Mario se soltó una risa. Chiquita, pero risa al fin. Afuera, la cumbia cambió de canción. Ahora sonaba algo más viejo, de los Tigres del Norte.

—Va —dijo él—. Hablo con mi mamá mañana mismo.

—No —Ale se levantó y fue a la cocina—. Vas a hablar con ella ahora. Yo pongo el café.

Agarró el teléfono, marcó ella misma el número de doña Olga y le pasó el aparato a Mario. La señora contestó al segundo ring, como si hubiera estado esperando junto al teléfono de su casa en Boyle Heights.

—¿Bueno? ¿Mario? ¿Ya le dijiste?

Mario miró a Ale. Ella le devolvió la mirada con una ceja levantada, batiendo el café nuevo en la estufa.

—Mamá —dijo él, y la voz le salió más firme de lo que esperaba—. No me voy a divorciar. Y mañana no venga. Mejor le hablo el fin de semana.

Del auricular salió un torrente de palabras atropelladas. «Desgraciada», «te tiene embrujado», «vas a terminar solo». Mario aguantó unos segundos y colgó. Se quedó mirando el teléfono como si fuera un animal raro.

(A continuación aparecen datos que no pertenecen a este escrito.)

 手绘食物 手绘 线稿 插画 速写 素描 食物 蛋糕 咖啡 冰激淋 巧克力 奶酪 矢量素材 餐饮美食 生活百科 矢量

—Ya está. Se puso furiosa.

—Es su especialidad —Ale puso dos tazas sobre la mesa, junto al azúcar y un pan dulce que había sobrado del jueves—. Se le va a pasar. O no. Pero ya no va a entrar aquí como si fuera su casa.

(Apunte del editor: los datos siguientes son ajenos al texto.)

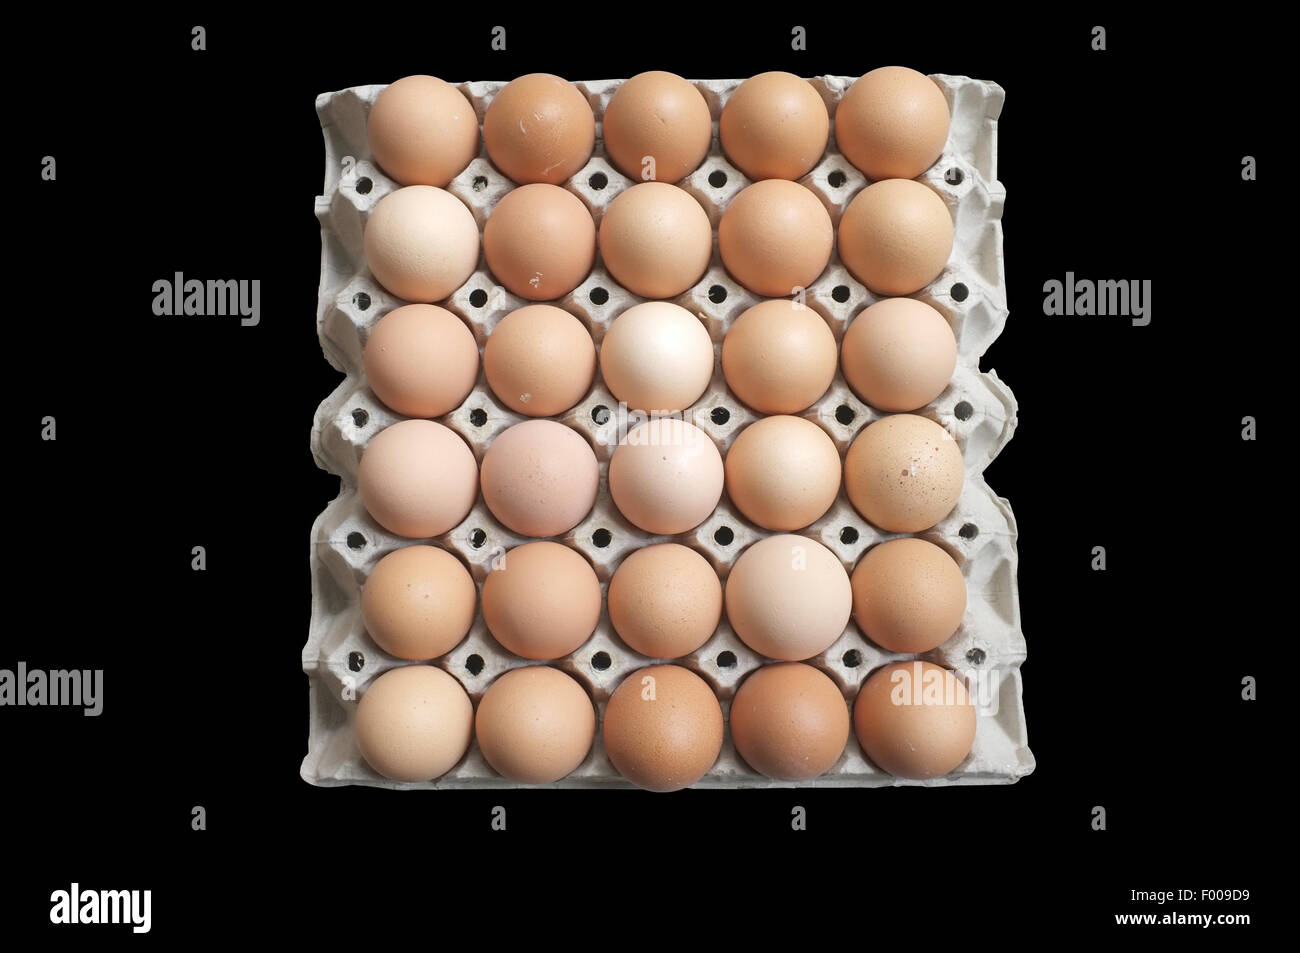 Carton of fresh brown eggs Stock Photo

—Dice que me vas a dejar sin nada.

—Lo único que te voy a dejar sin nada es la panza si no te comes este pan.

Mario agarró el pan dulce y le dio una mordida. El azúcar se le quedó en los dedos. Afuera, el cielo se puso morado oscuro. La veladora del Santo Niño seguía temblando, pero la llama ya no se apagaba.

Pasaron tres semanas. Doña Olga no llamó. Sara tampoco. Mario fue con Ale a la clínica comunitaria de la Sunset, donde una doctora joven y bajita les explicó las opciones. Salieron tomados de la mano, con un sobre de papeles y una cita para análisis.

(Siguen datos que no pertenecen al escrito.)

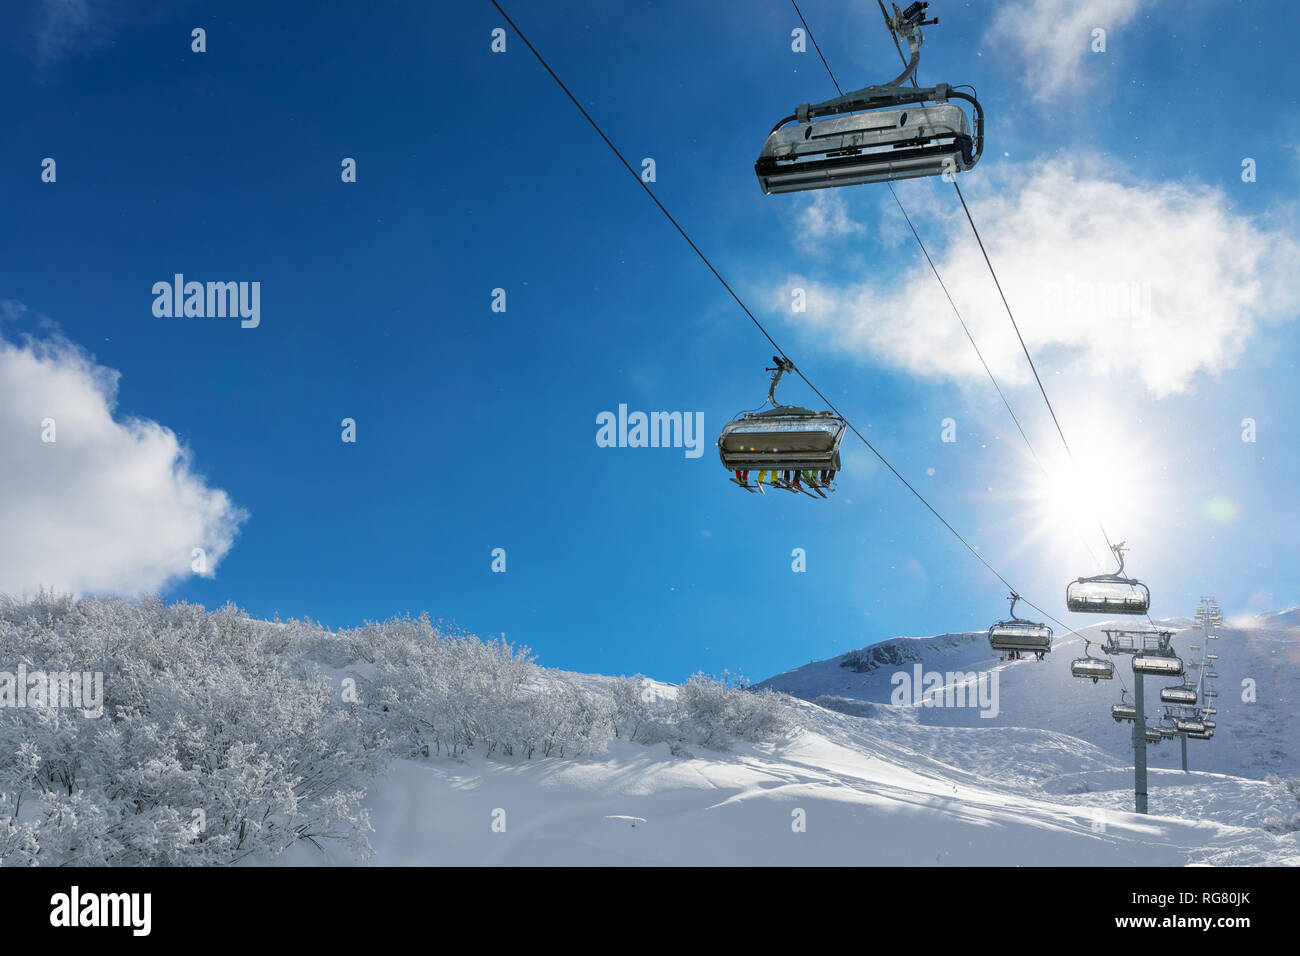 Skifahrer in einem Skilift in Snowy Mountains gegen den blauen sonnigen Himmel Stockfoto

El viernes siguiente, Ale llegó del hospital a las siete. Abrió la puerta y olió pan dulce. Mario estaba en la cocina, con una bolsa del mercado en la mesa y dos velitas encendidas junto al altar de la abuela.

—Llegó el pan, chaparrita —dijo él, sin voltearse, batiendo algo en la estufa.

—Ya vi —Ale dejó el bolso en el sofá y se acercó—. ¿Y las velitas?

—Pa' la abuela. Pa' que nos eche la bendición.

Ale se quedó callada. El olor a chocolate caliente se mezclaba con el de las gardenias que alguien había puesto en el pasillo. Allá afuera, la cumbia volvió a sonar, bajita, como todos los viernes.

Mario se giró con una taza humeante en cada mano. Se la tendió.

—Mamá mandó un recado con la tía Lucha. Dice que quiere venir a disculparse.

—¿Y tú qué le dijiste?

—Que se espere. Que primero ceno con mi esposa.

Ale sonrió sin darse cuenta. Agarró la taza caliente. Dio un sorbo. Afuera, un gato cruzó el estacionamiento. Adentro, la veladora tembló un instante y se quedó quieta.